And yet before you misunderstand, let me reassure. We are modern. We use the same medicines as our city counterparts, and we are only a helicopter flight away from the latest technology, not that it solves all of our problems. We take the same competency tests as our colleagues, and I’ll bet we do just as well or better. (Maybe my old professors did a little better, but they got to write the questions.) We have access to the same information too. My computer is just as fast as the ones over in Raleigh.

(Excerpted and used with the permission of the author, published in The Country Doctor Revisited, KSU, 2010)

Dr. Bibey addresses with humor the impression that rural means backward. It is easy to judge the choices another provider made when you aren’t in the trenches with him/her.  In other entries, we’ve examined the innovative efforts to adapt to the quickly changing world of modern medicine that have originated in some rural practices. Examine your setting. Who are the innovators? What are the qualities they have that keep them thinking and moving forward? Is it curiosity? Is it the desire to serve their patients well? Is it the need to keep learning and stay engaged?  

A Modern Country Doc–alphabet soup

Inside the Mind of –Tom Bibey

COLA, CLIA,OSHA, HIPAA, EMTALA. I’ve heard the powers that be are going to start up the NBEMAA (National Bureau for the Elimination of Medical Abbreviations Agency) to question everyone’s integrity for use of nongovernment approved abbreviations. Now if they do, I guess I’m gonna call it a day. The hypocrisy would just be too much.

 (Excerpted and used with the permission of the author, published in The Country Doctor Revisited, KSU, 2010)

 Modern medicine is an alphabet soup of acronyms. It can be quite overwhelming to the student. With the turn of the 21st century we’ve added EMR or EHR –electronic health or medical records, HCH or MH—health care home or medical home, but MH can also mean mental health. You may encounter NCQA and JCAHO, both efforts to improve and monitor the quality of care in the US. The ACA, Affordable Care Act, which some folks call Obama care, the national health reform passed during President Obama’s first term and now under attack, also brought us ACOs—accountable care organizations, which are supposed to be different from the HMOs-health management organizations of the 1970s and 1980s. I know that was a run on sentence, but one acronym seems to give birth to others. You can probably add some others to this list. The bottom line is that medical care in the US is complex. All the efforts try to guarantee quality, affordable health care for the patient, but often seem like barriers between the doctor-patient relationship.

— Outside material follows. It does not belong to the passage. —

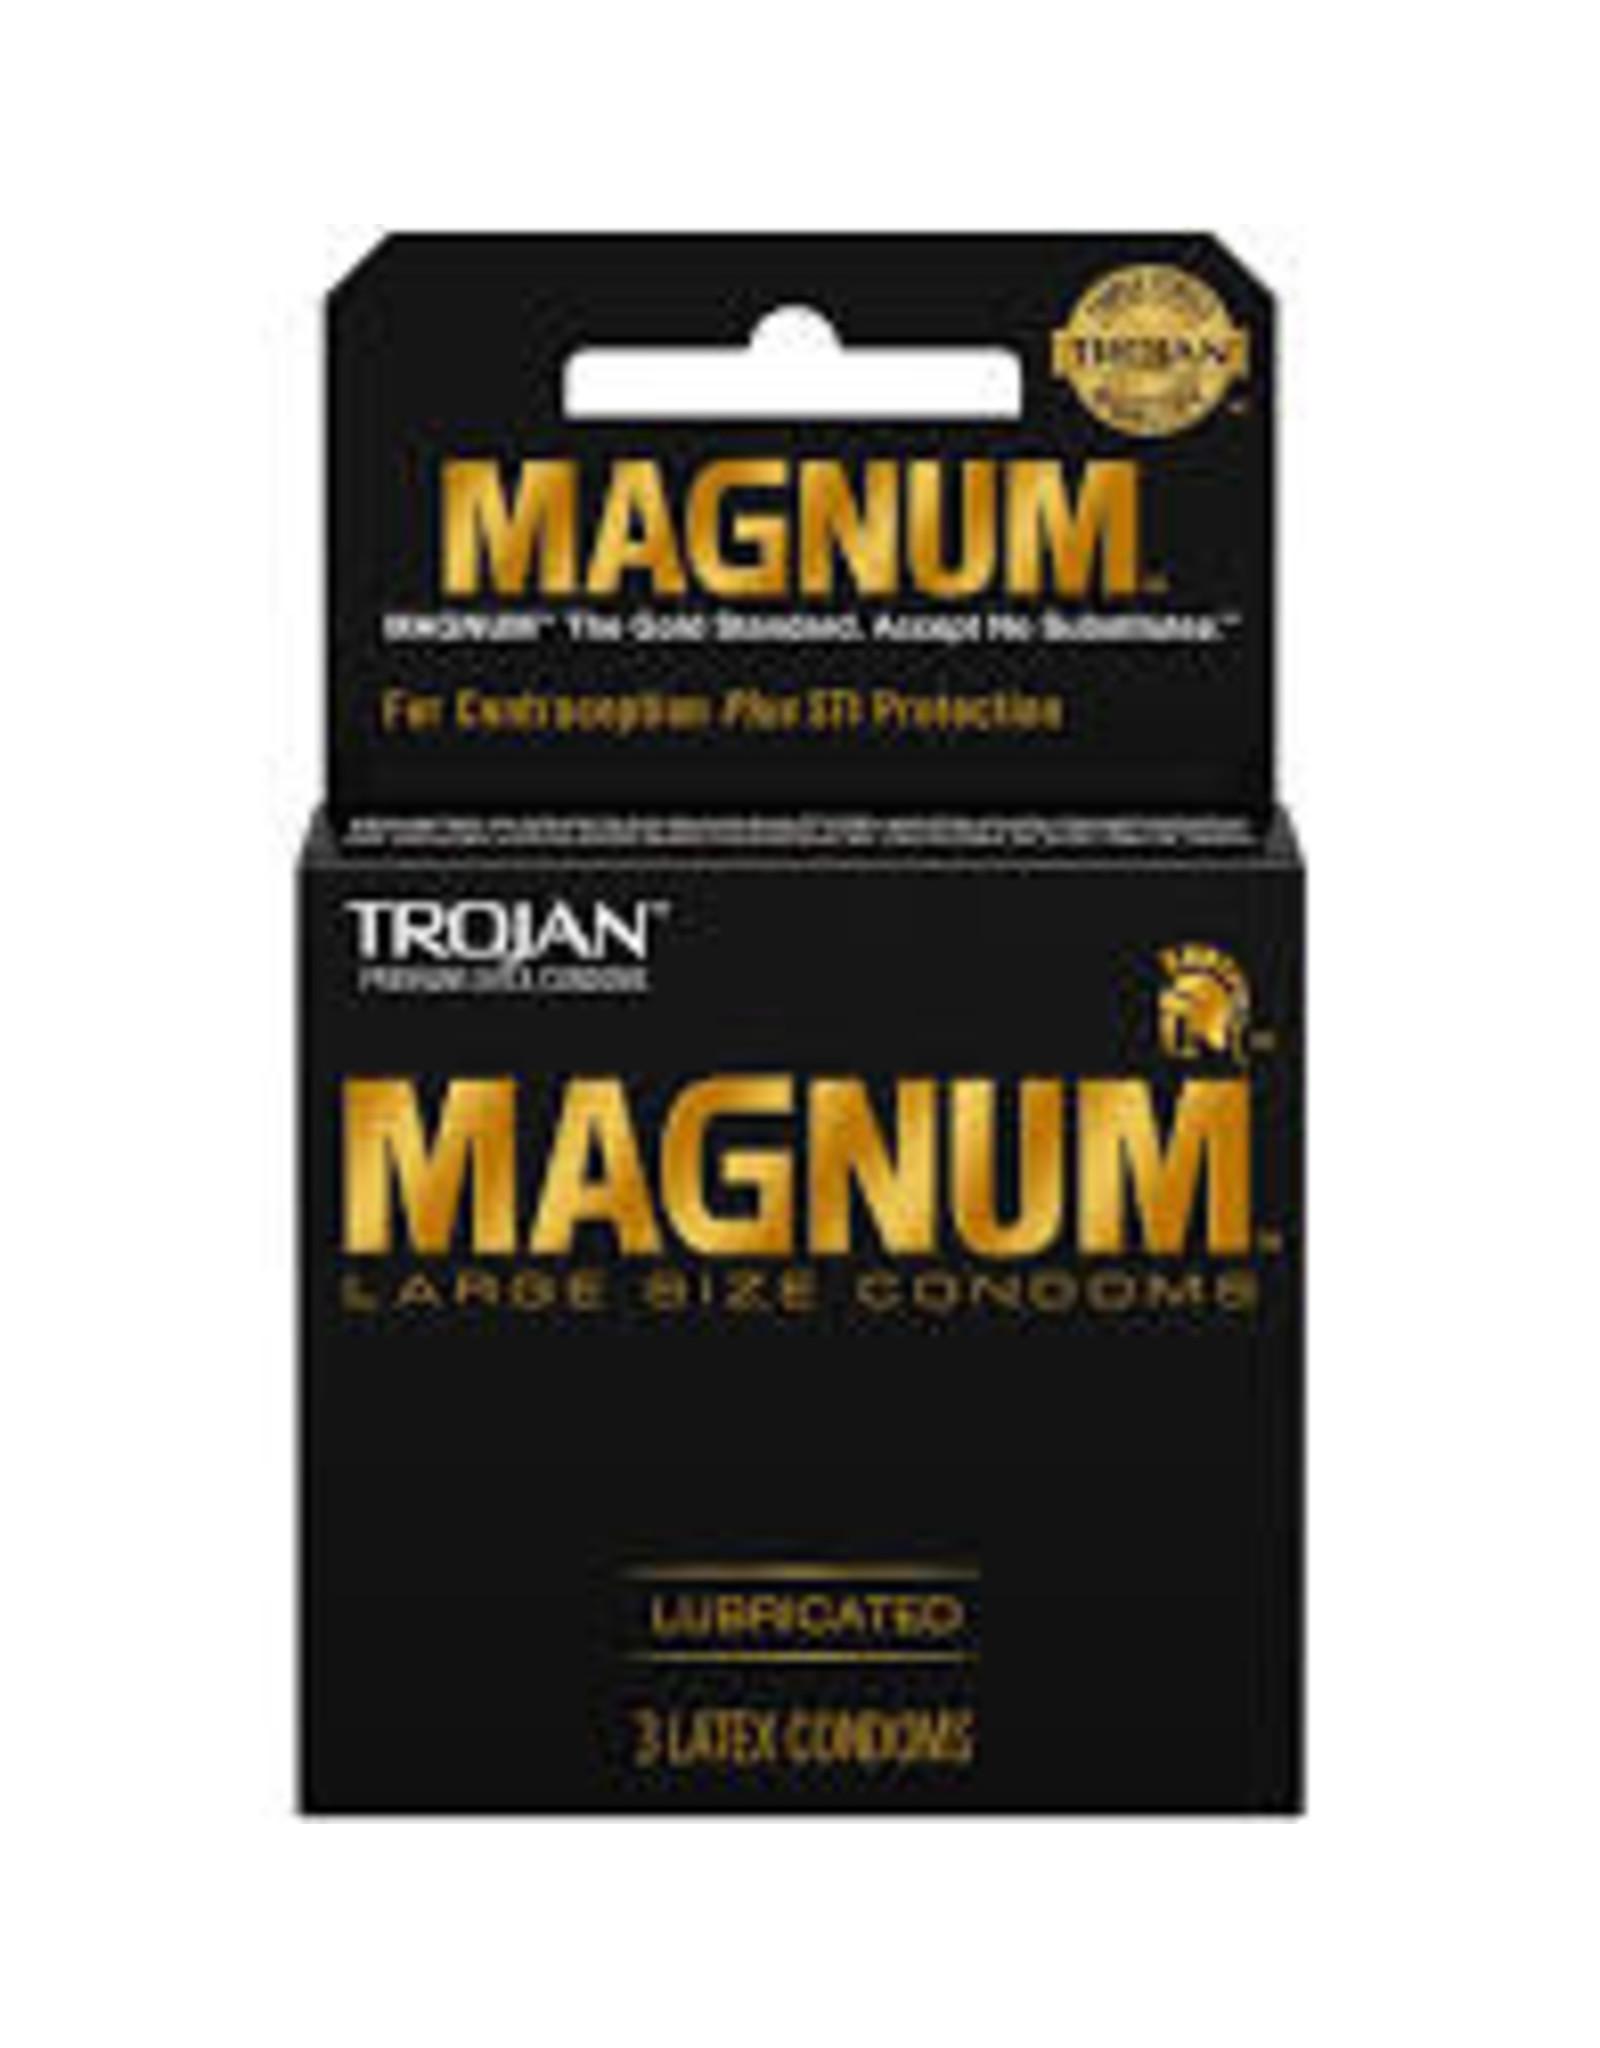 Trojan Magnum Large Size Condoms Single
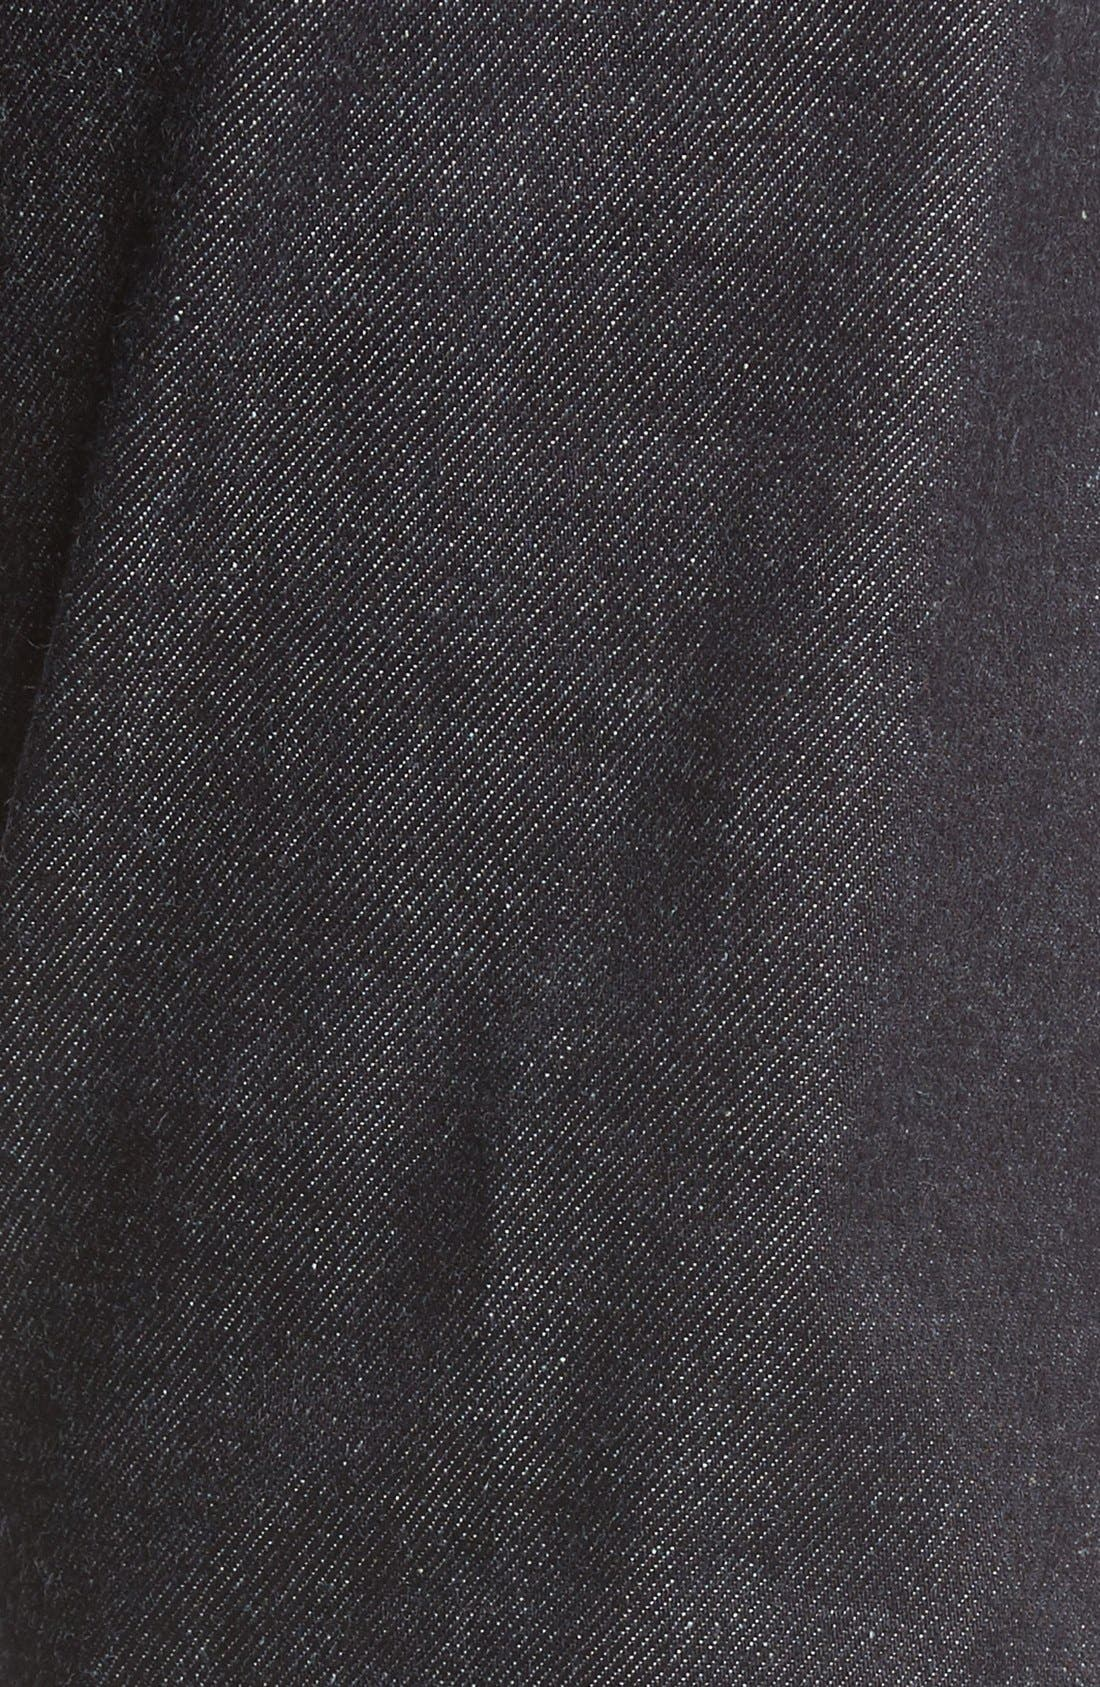 UB422 Selvedge Skinny Fit Jeans,                             Alternate thumbnail 5, color,                             401

A Modern Country Doc–chart jockeys

–Tom Bibey

In the early 1980s, I made almost all my decisions in conjunction with my patient, together with the specialists we deemed appropriate in a given case. It wasn’t but a few years before modern medical “oversight” or “management” began to assert itself. This started first with government programs, soon followed by big business. Docs were forced to learn a new set of skills to overcome these obstacles to the delivery of care.

Early on, it was a benign process. Every once in a while I’d get a call from old Doc Smith who’d ask about a case. I knew him from State Medical Society meetings. Retired, he’d never made all that much when he was in practice, so I understood his need to supplement his income. I’d even taken over some of his patients, so Doc Smith knew me well. He wasn’t going to scoop me on much over the phone. I had the advantage of being the doc who saw the patient, and we both knew he wasn’t in a position to compete with that. Doc had to call every so often. I understood. He’d call and ask a few questions, and I’d tell him in doctor terms about where to go, and we’d laugh.

By the mideighties the minor nuisance grew to a downright disruption of patient care. I remember a fellow I had followed since I started my practice. I inherited him when a local doc retired. The patient was elderly and had multiple medical problems: several heart attacks, a pacemaker revised several times, bad kidneys, bad lungs, but he was a heck of a nice guy.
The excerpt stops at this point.